The Shaburidze family (შაბურიძე) was a Georgian noble family, which claimed descent from the Sasanian dynasty of ancient Persia and to which belonged the Duchy of Aragvi from the 13th century to the 15th.

==History==
According to traditional accounts, the family descended from a high-ranking captive Muslim prince, possibly of the Shaddadid house, brought in Georgia by King George III in the 1060s. The family, in the person of Mihai Shaburisdze, is first mentioned in a document of 1380.
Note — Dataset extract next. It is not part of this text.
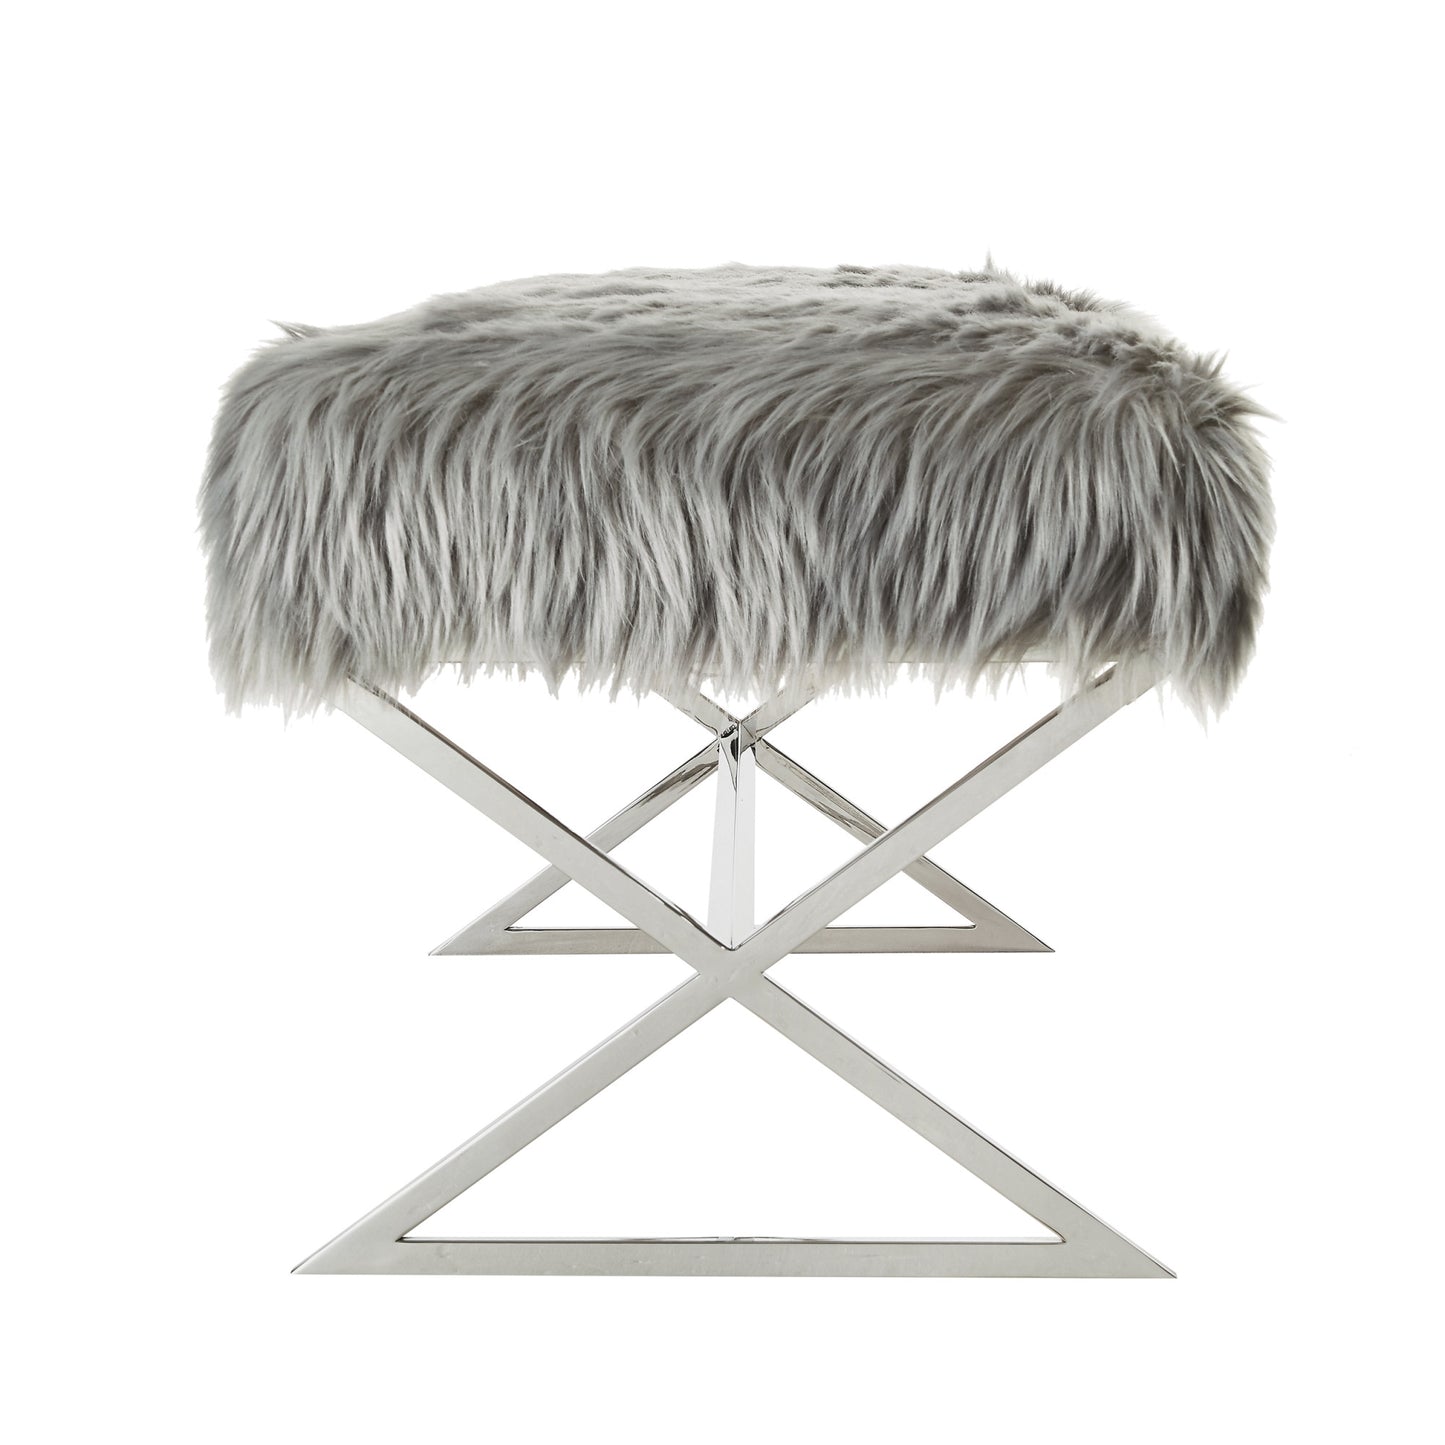 48" Gray And Silver Upholstered Faux Fur Bench By Homeroots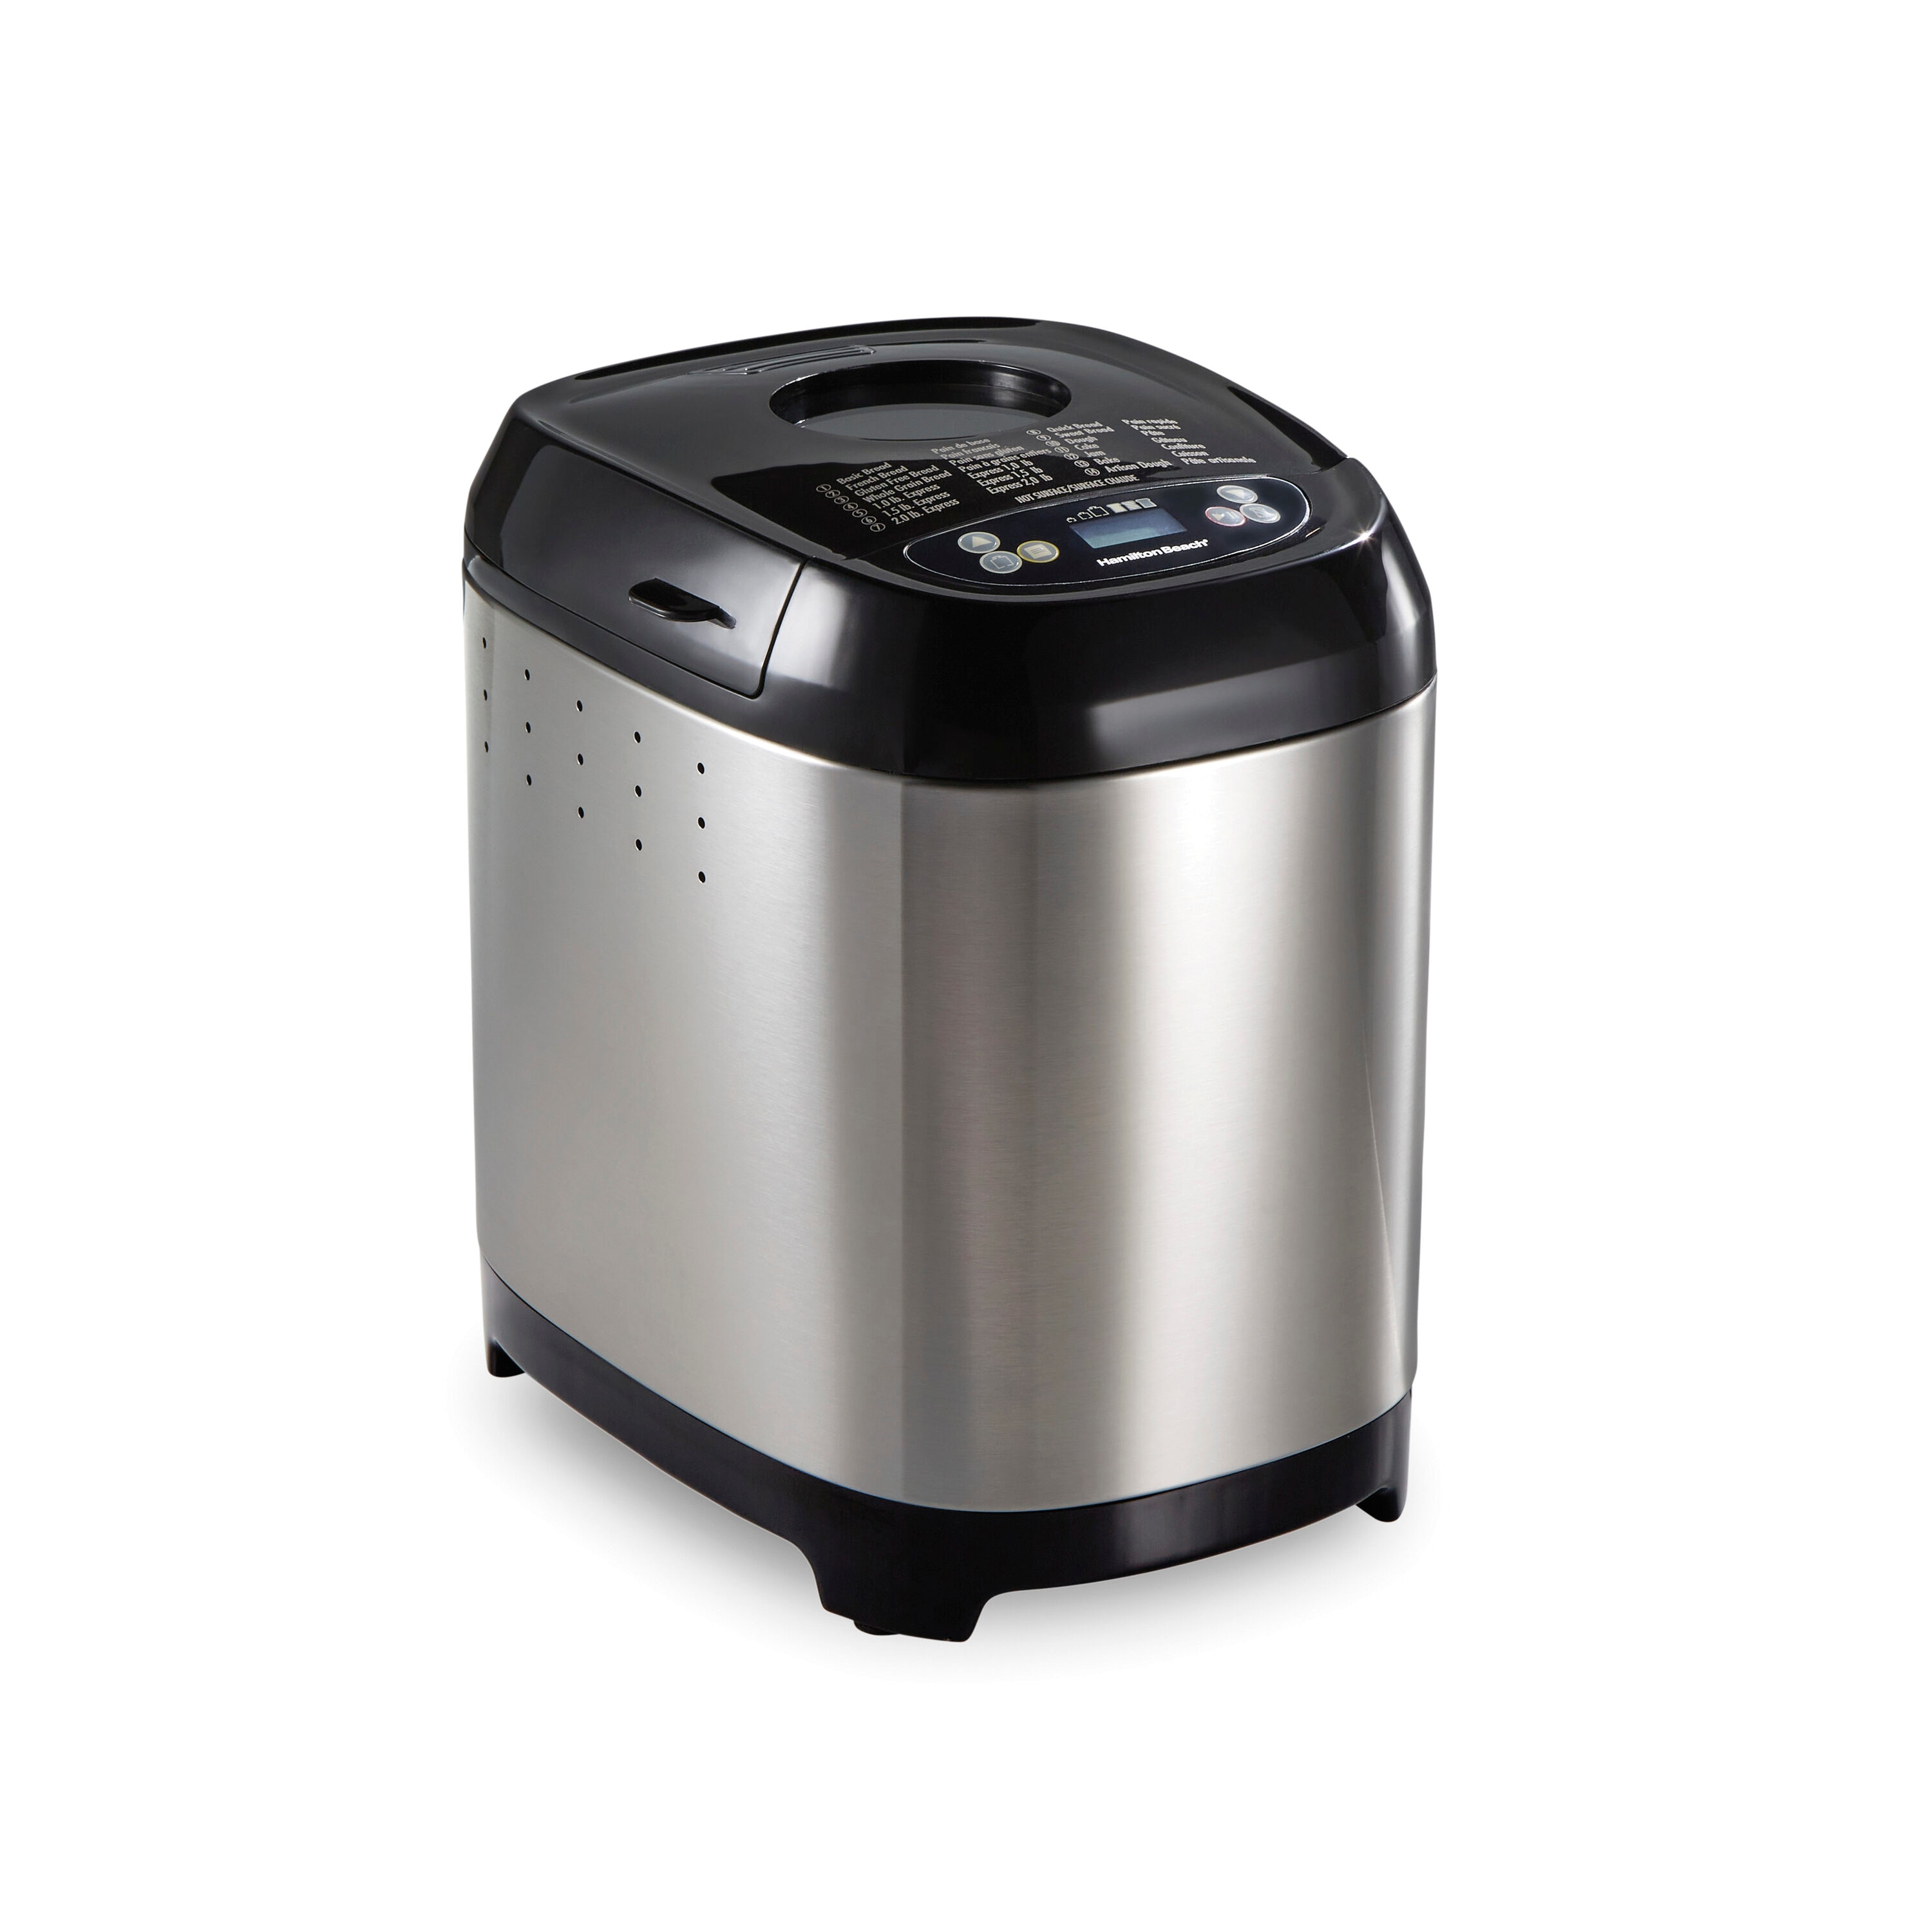 Courant 2 lbs. Automatic Bread Maker Stainless Steel, Silver

The Shaburidze were enfeoffed by the Georgian crown with a duchy in the upper Aragvi valley in northeast Georgia, and grew influential enough to produce dynastic marriages with the Royal House of Georgia. Thus, an unnamed noblewoman of the Shaburidze clan became the queen consort of Vakhtang III, while a daughter of George VIII, previously betrothed to Constantine XI Palaiologos, the last Byzantine emperor, who perished in the fall of Constantinople, subsequently married Giorgi Shaburidze, son of Vameq, Duke of Aragvi, as is revealed by the latter's charter of 1465. By the late 15th century, however, the family had twice lost their duchy, the last time permanently and to the House of Tumanidze, for in his charter of June 28, 1474, granted to the church of the Nativity of Our Lady at Bodorna, Vameq Shaburidze refers to himself as "duke in name only." Their descendants appear as the Baron (Aznauri) Shaburishvili (შაბურიშვილი), and Shaburov (Шабуров), a branch established in the Russian Empire in the 18th century.